→ **Required work**:
Return every line below as is, leaving out the pictures.

→ **Provided material**:
▼
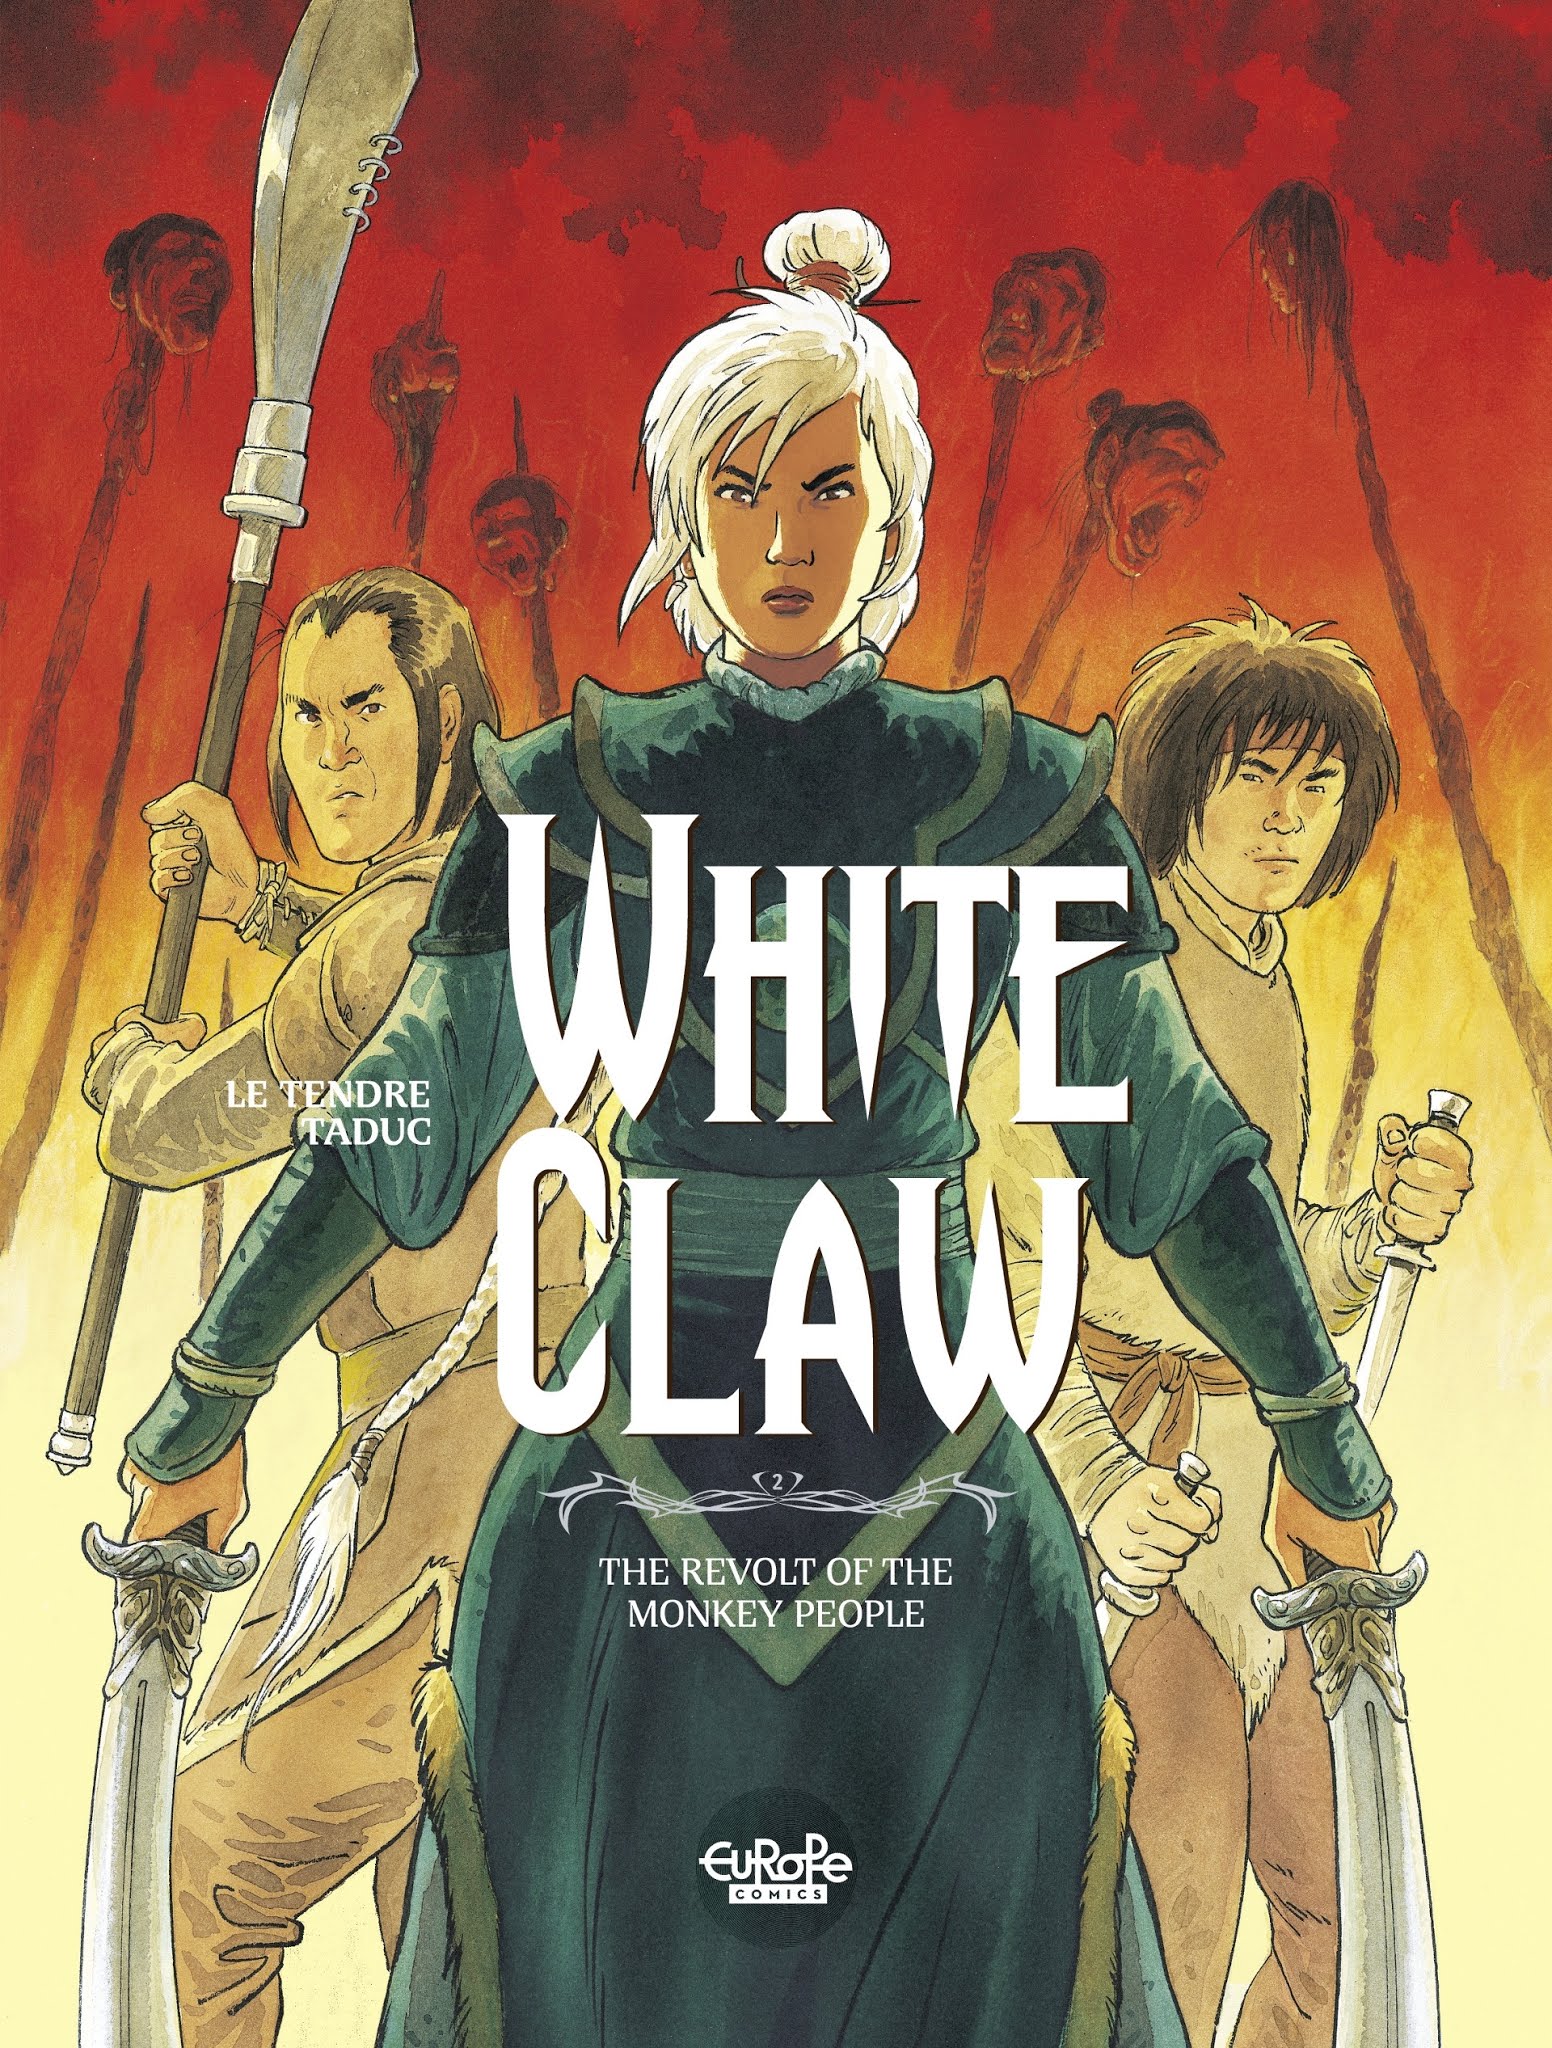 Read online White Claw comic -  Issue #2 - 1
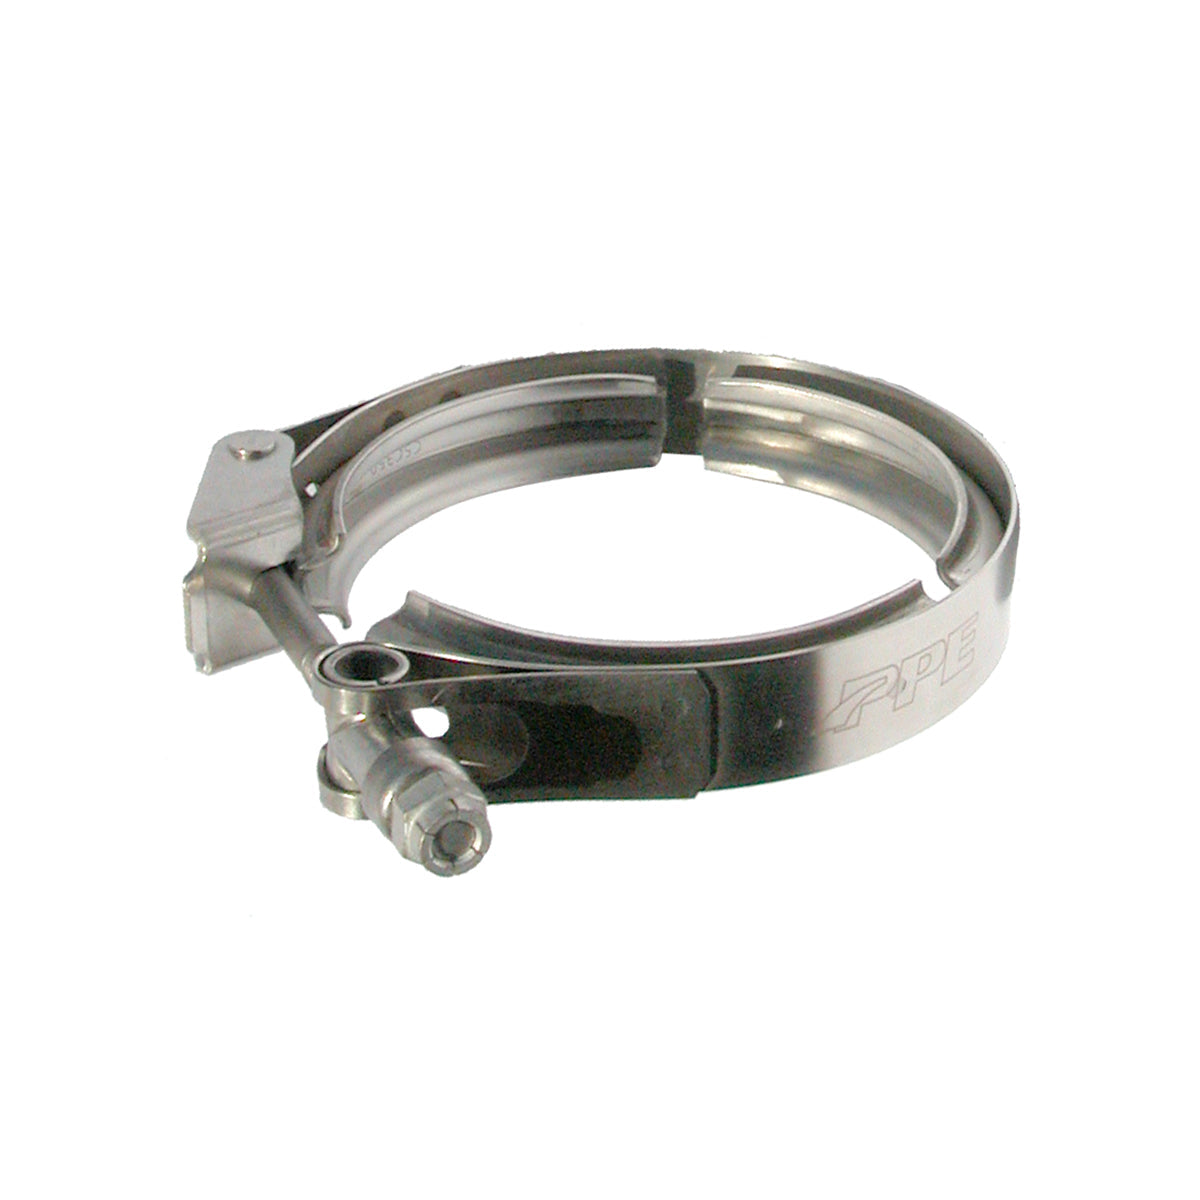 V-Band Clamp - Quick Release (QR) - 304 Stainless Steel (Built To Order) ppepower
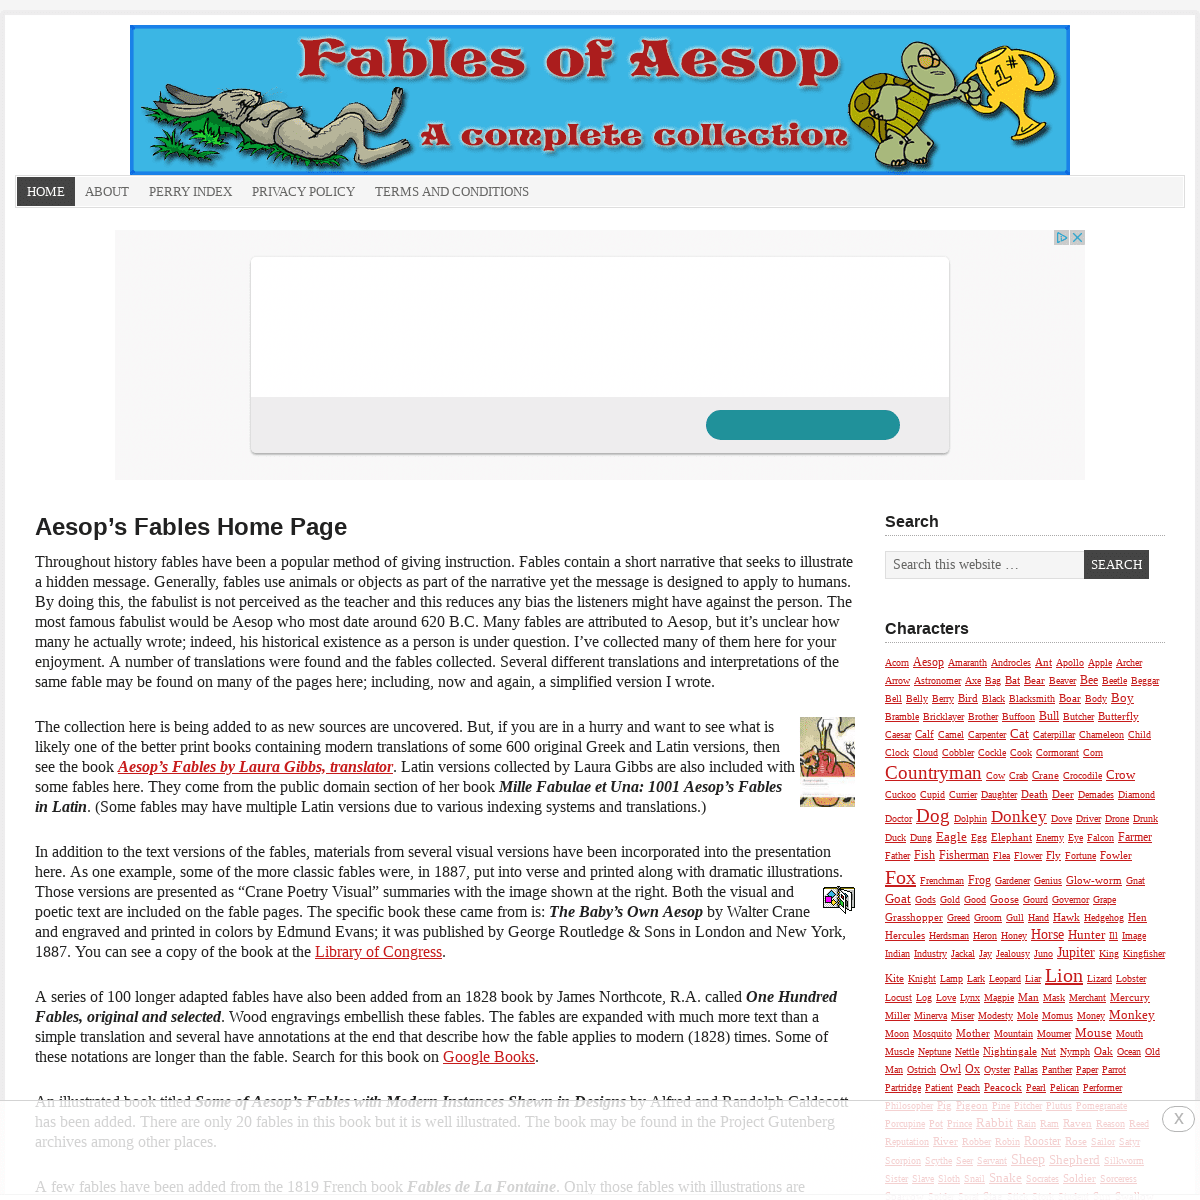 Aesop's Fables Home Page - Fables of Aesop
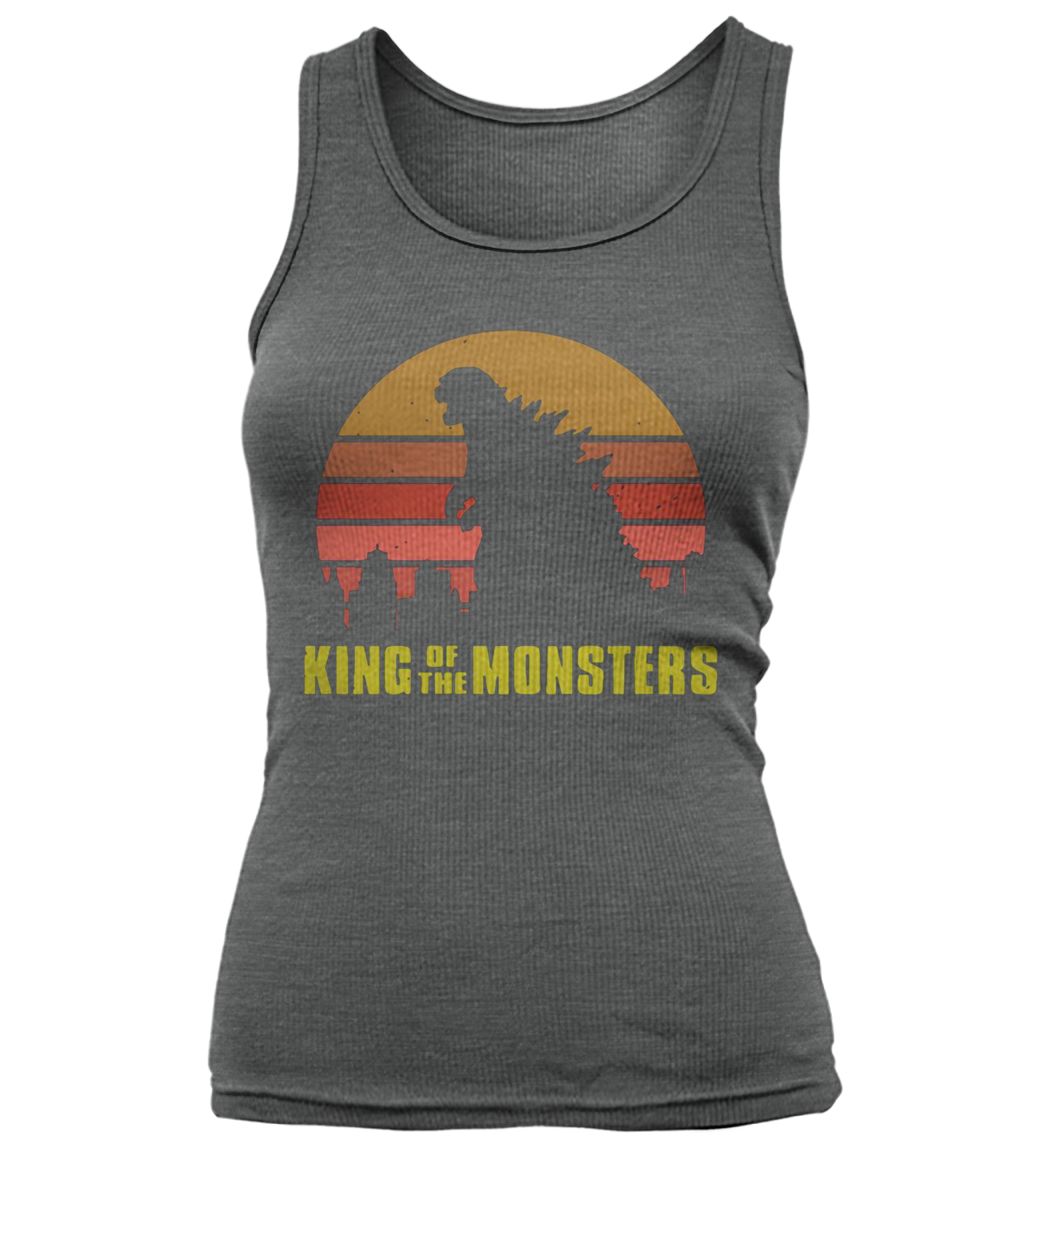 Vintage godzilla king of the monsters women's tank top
▲
→ **Problem solution**:
 Read online White Claw comic -  Issue #2 - 1
 V-Band Clamp - Quick Release (QR) - 304 Stainless Steel (Built To Order) ppepower
 Aesop's Fables Home Page - Fables of Aesop
 Vintage godzilla king of the monsters women's tank top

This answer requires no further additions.